I am a physics Ph. D student, but my research must be done on supercomputers (specifically Titan), so I am taking a graduate computer science course in parallel programming. I haven't had really any prior "formal" training in computer science so that analysing performance seems a bit out of my depth.
As Mr Mike said, you're limited to 1 or 2 threads per core at best (2 threads on a single core will only be interesting if the threads are sometimes waiting for I/O), thus anything between 1 (on older computers) and 16 (on some i7).

Beside the thread handling overhead, also keep in mind that each core will use its own cache, and if they're working on the same data, you may increase the RAM accesses (each cores need to get the same data) and thus slowing the process. Avoid especially writes that could invalidate caching...

With parallelism over multiple machines, the data transfers between the machines can sometimes nullify or worsen your computation time...
 

luoapp

Member
I did a straightforward implementation of pthreads for a double-prec general matrix multiplication algorithm. For having 10 threads, the program is a bit faster than doing it without threading as I'd expect. However, after increasing the thread size to 20, the performance is on par (if not slightly worse) than no threading. I don't quite understand why adding more threads seems to be slower than not having any threads at all.

I am a physics Ph. D student, but my research must be done on supercomputers (specifically Titan), so I am taking a graduate computer science course in parallel programming. I haven't had really any prior "formal" training in computer science so that analysing performance seems a bit out of my depth.

What's your language?
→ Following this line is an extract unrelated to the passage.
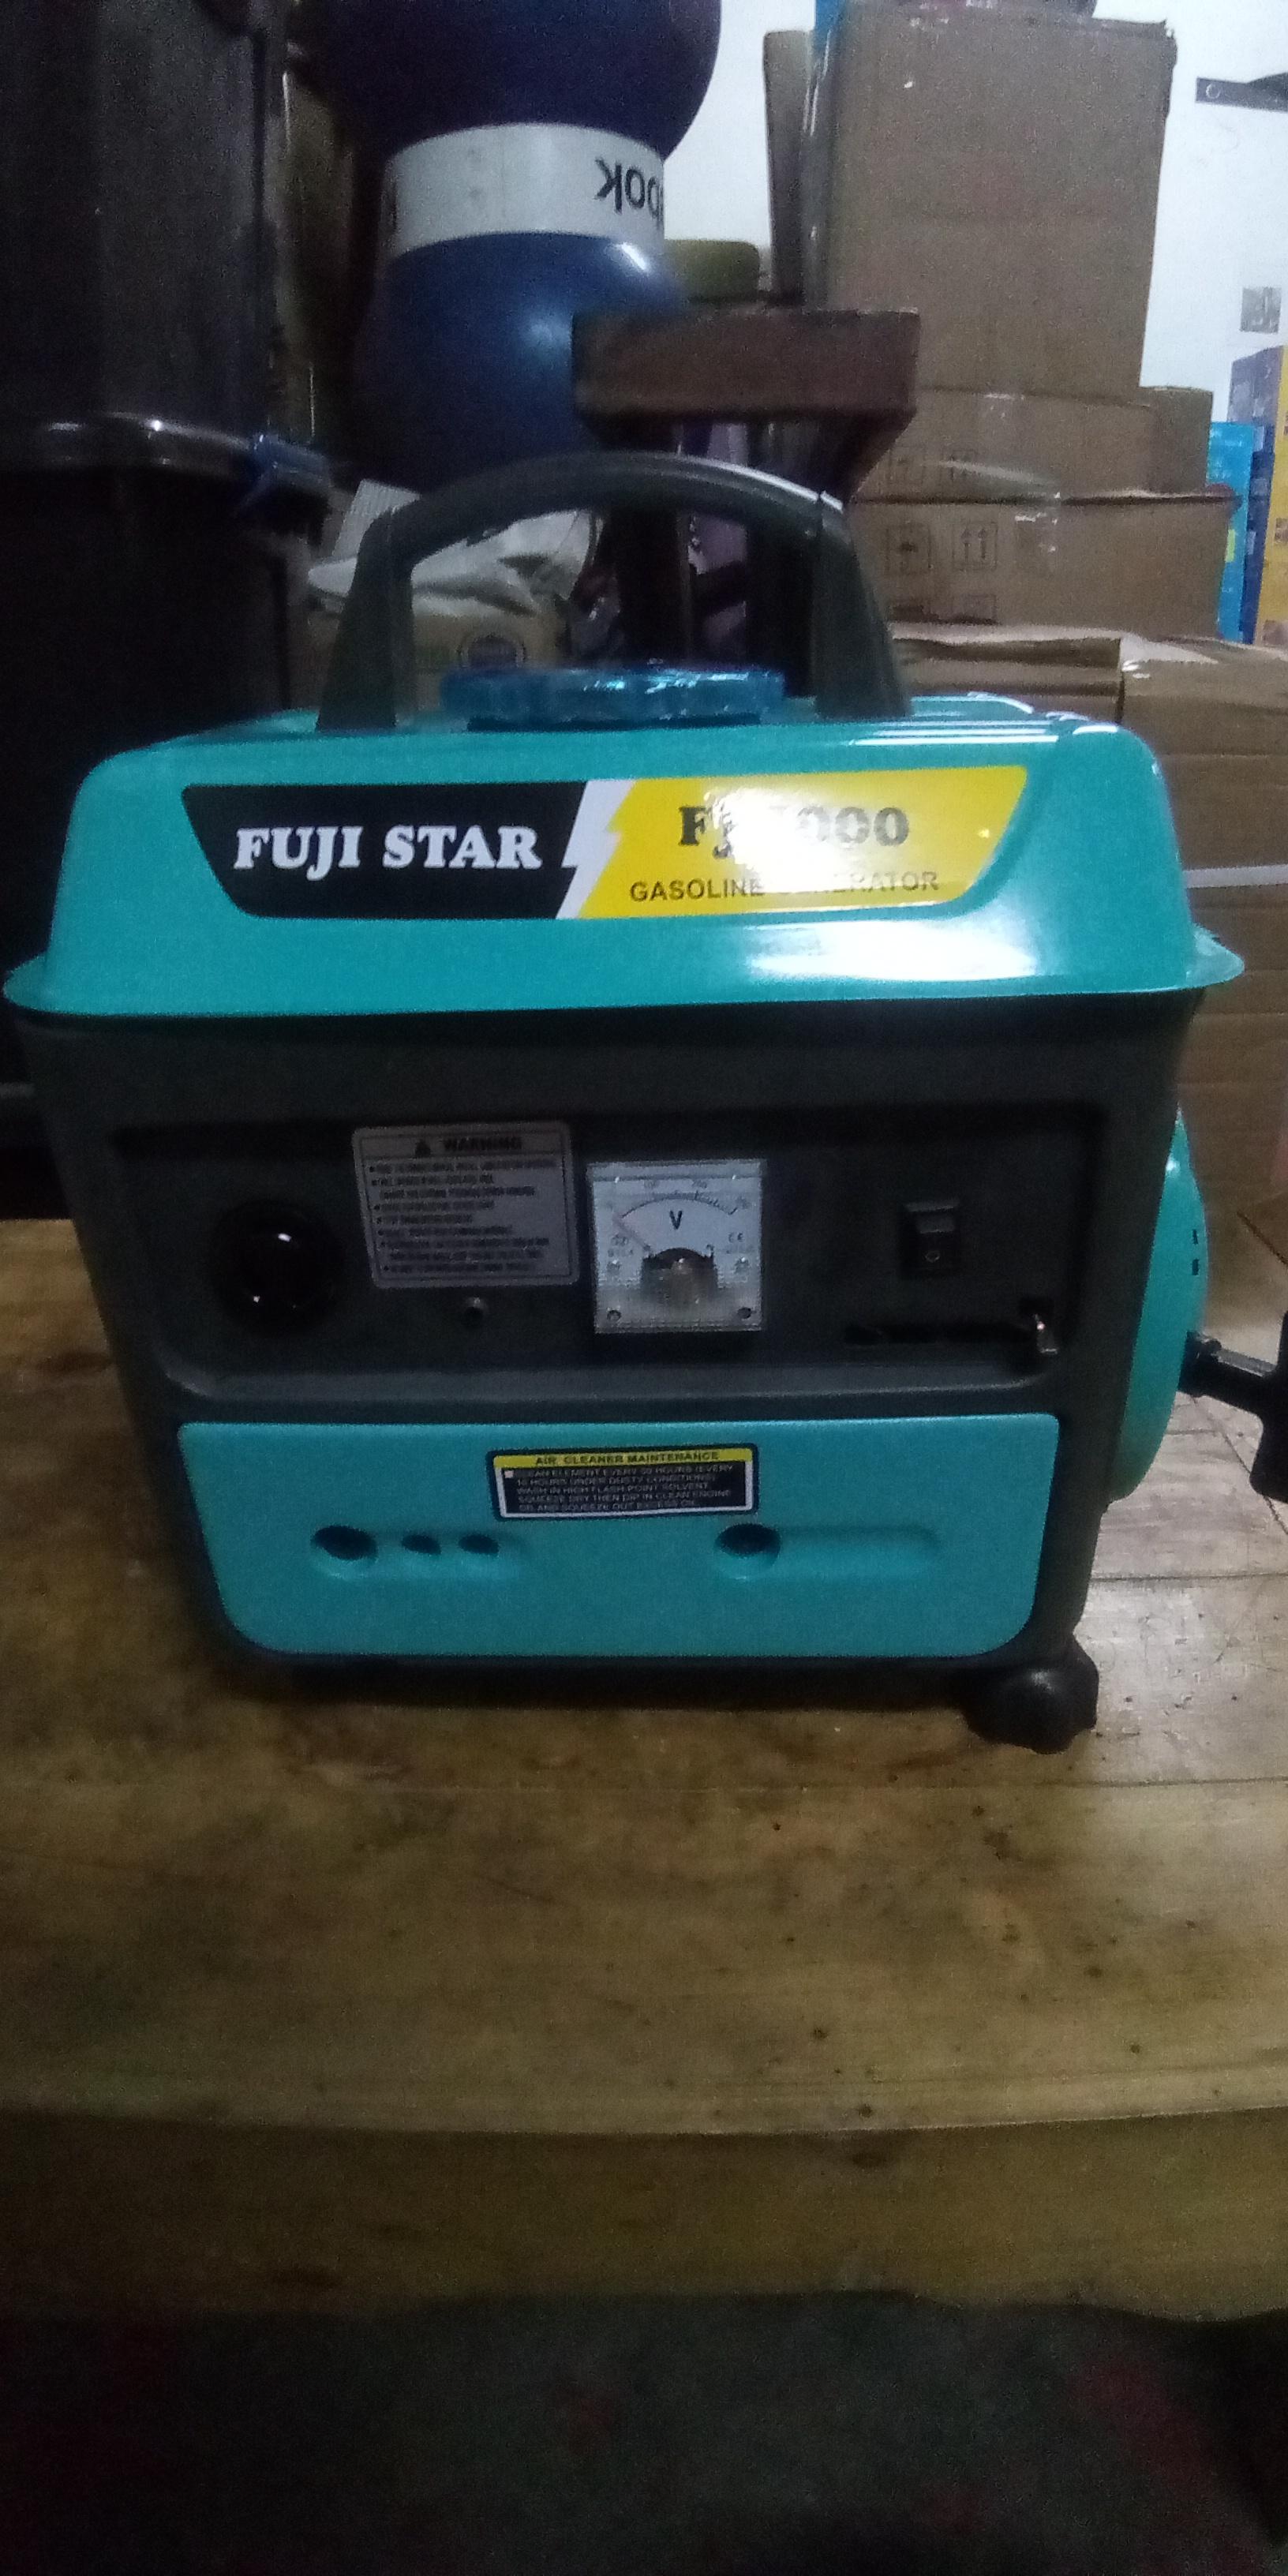 Fuji Star FJ-1000 Gasoline Generator (100% Copper)

How did you benchmark the program? There are also different considerations between programming for supercomputer (multicore/multi cpu /multi node with GPU acceleration) and local single cpu with multi core. From my experience, you should focus on mid to high level programming, like when to move data to local memory, how many threads, when to start/sync them, etc. and leave the low level stuff (like matrix multiplication or fft) to libraries. Let's be honest, you're not gonna do better than that.
 

JeTmAn81

Member
Isn't there a decent amount of overhead generated by context switching between threads as well? There's a lot of nuance being handled by the operating system when it comes to this stuff.
 

Koren

Member
Isn't there a decent amount of overhead generated by context switching between threads as well? There's a lot of nuance being handled by the operating system when it comes to this stuff.
Not sure what you're referring to exactly...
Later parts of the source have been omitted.